Source records:
--------------------------------
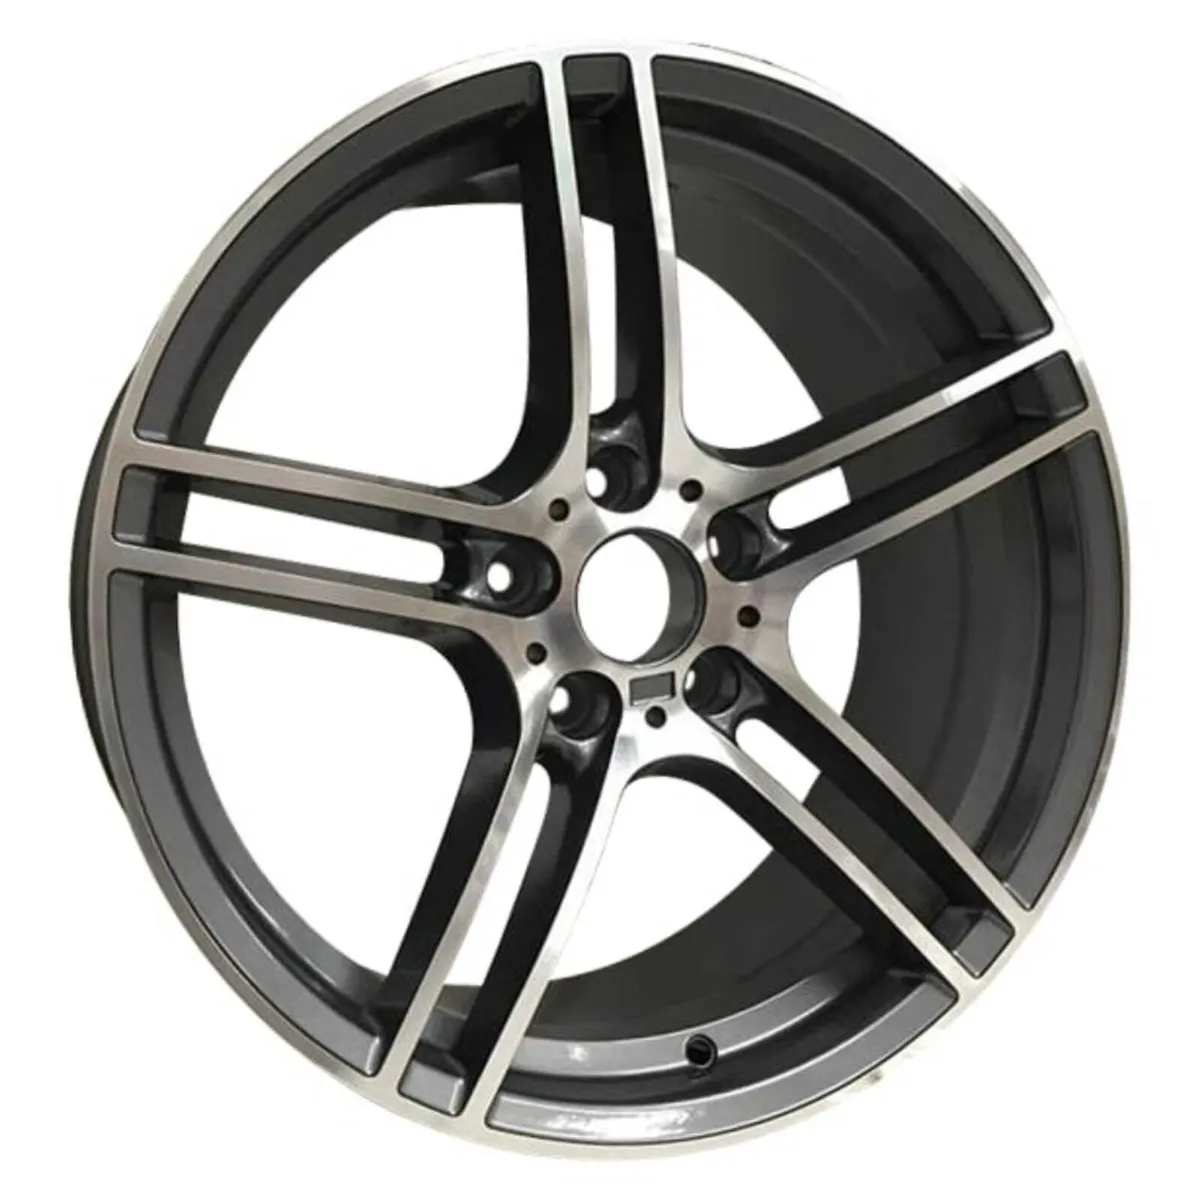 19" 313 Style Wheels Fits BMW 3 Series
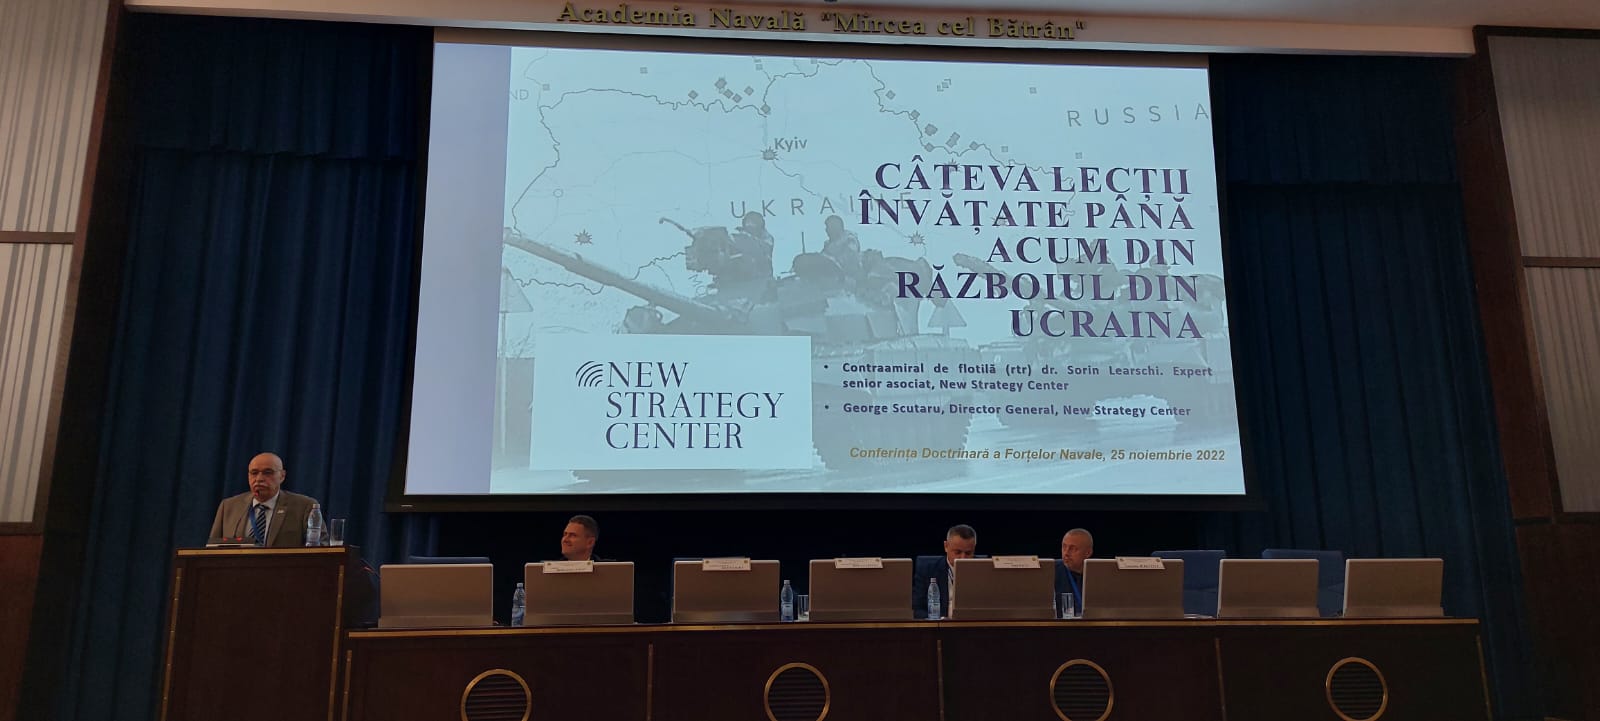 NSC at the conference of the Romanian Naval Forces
--------------------------------
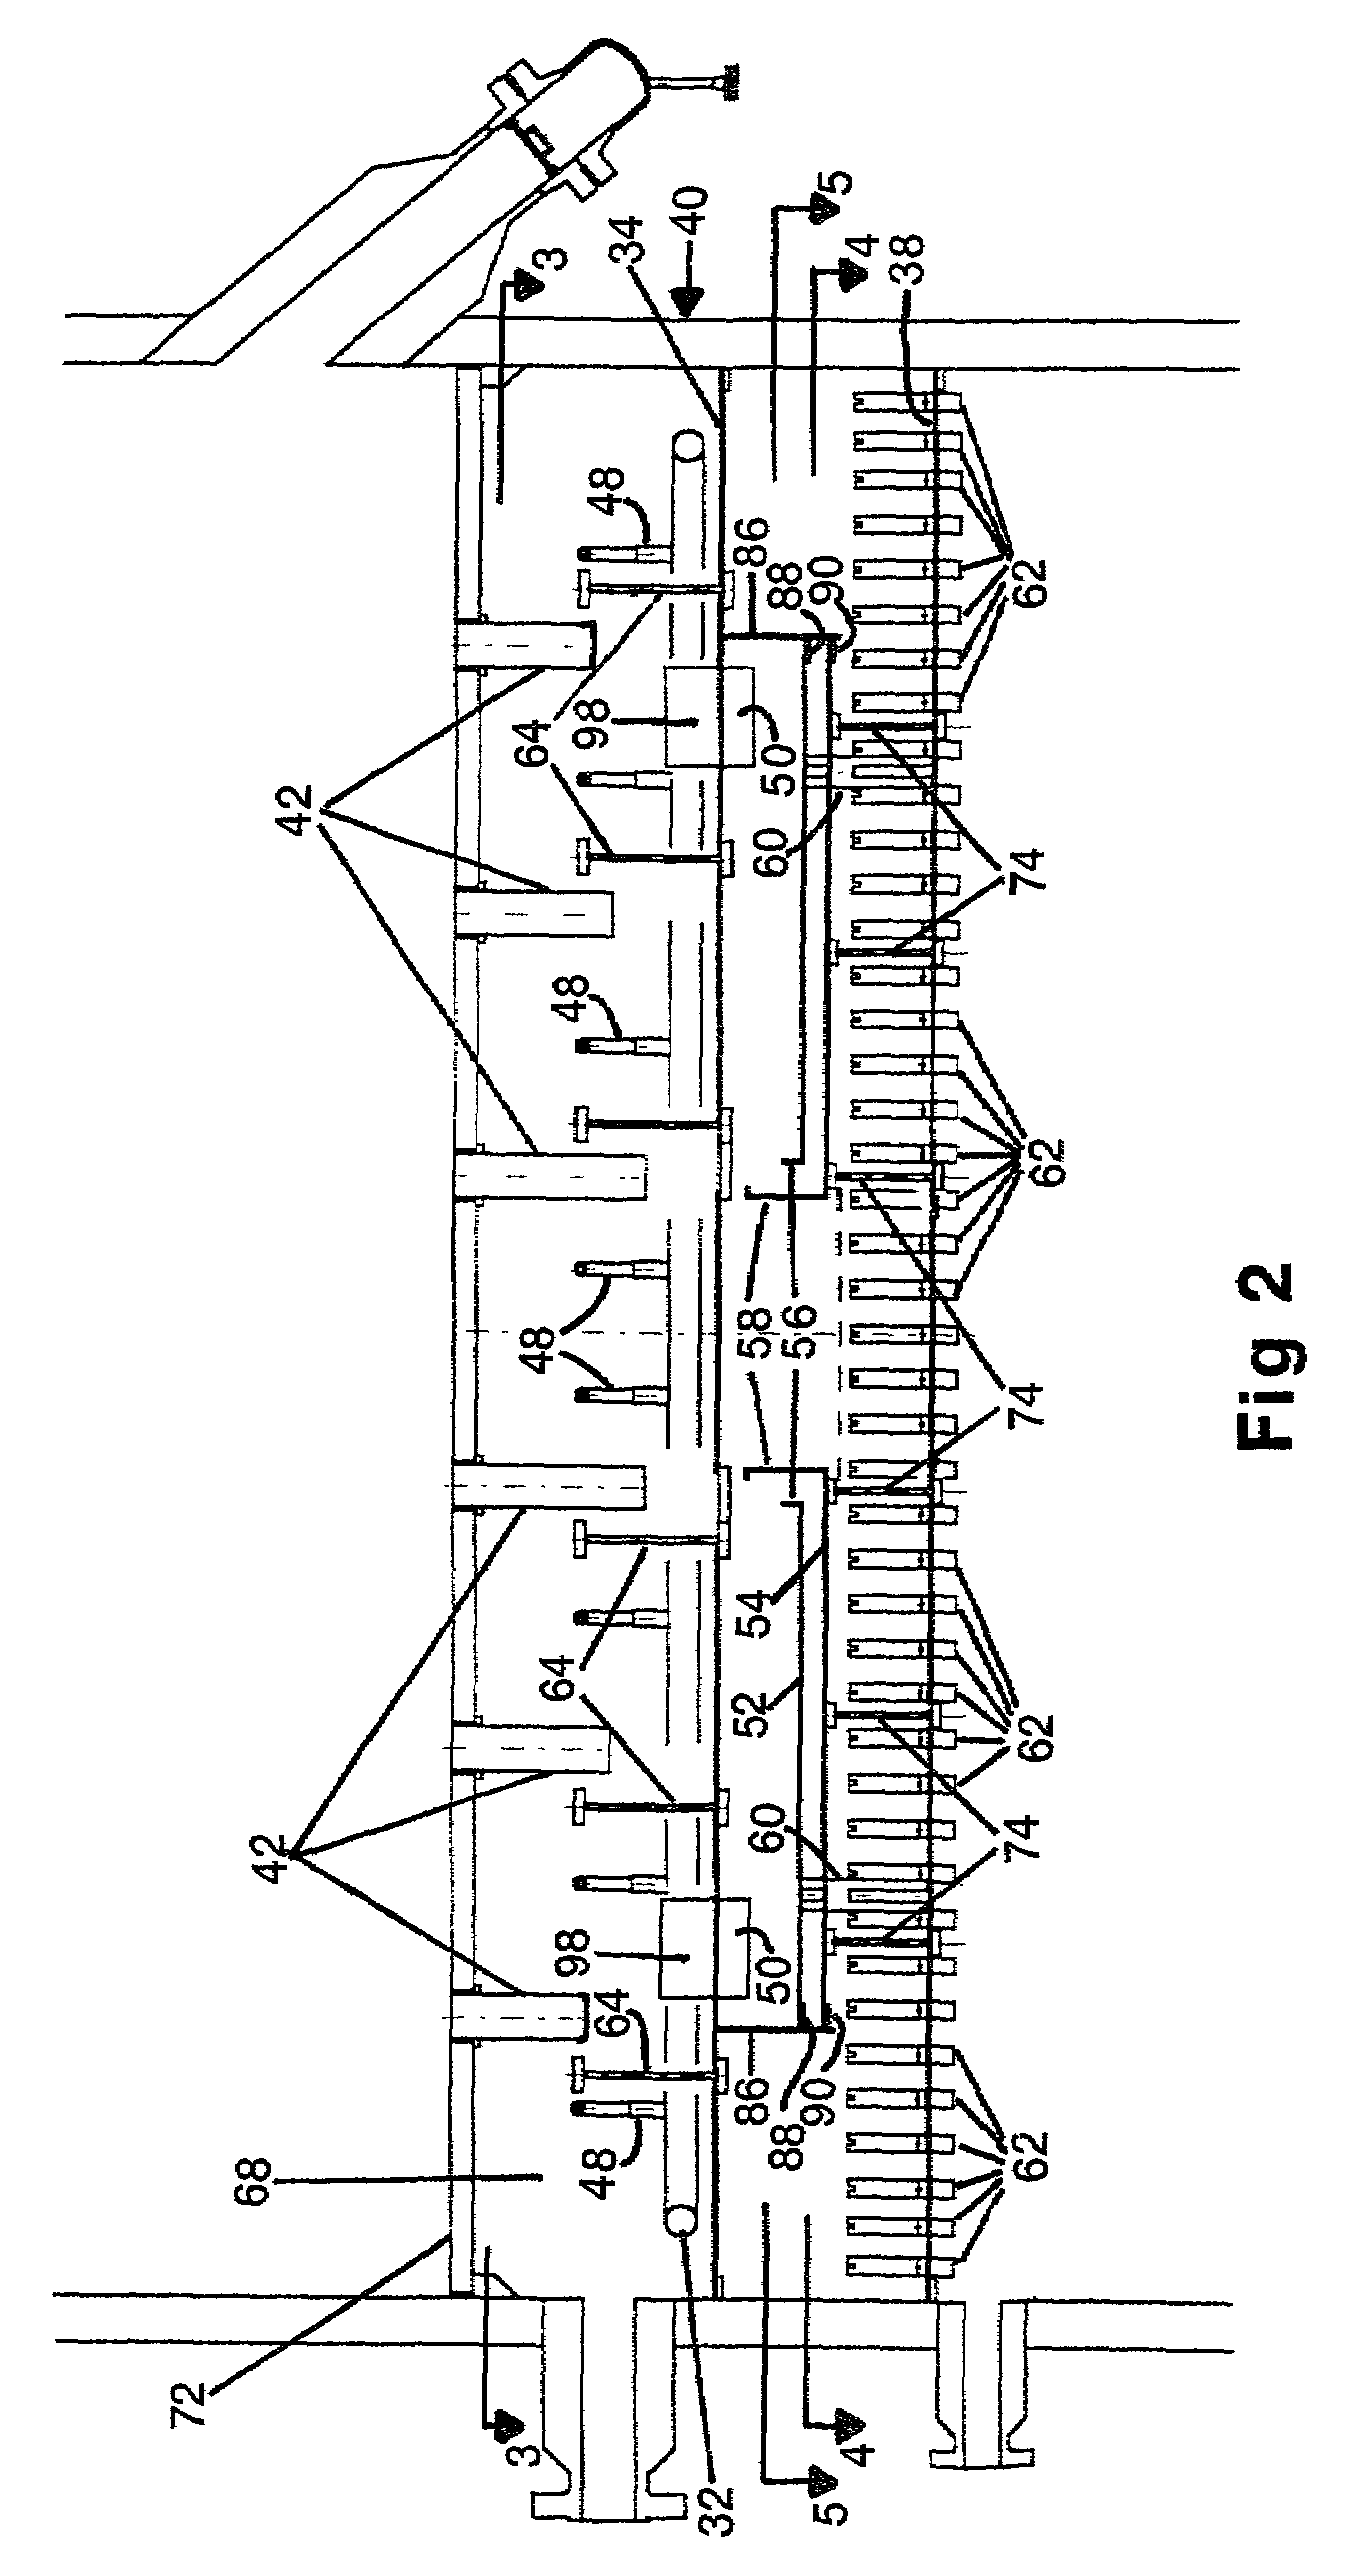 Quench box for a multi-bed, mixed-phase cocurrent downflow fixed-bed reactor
--------------------------------
Assigned task:
Every line above between the one containing "BMW 3 Series" and the one containing "NSC at the conference", those two included, is to be printed exactly. No pictures go into the copy.

Response area:
 19" 313 Style Wheels Fits BMW 3 Series
 NSC at the conference of the Romanian Naval Forces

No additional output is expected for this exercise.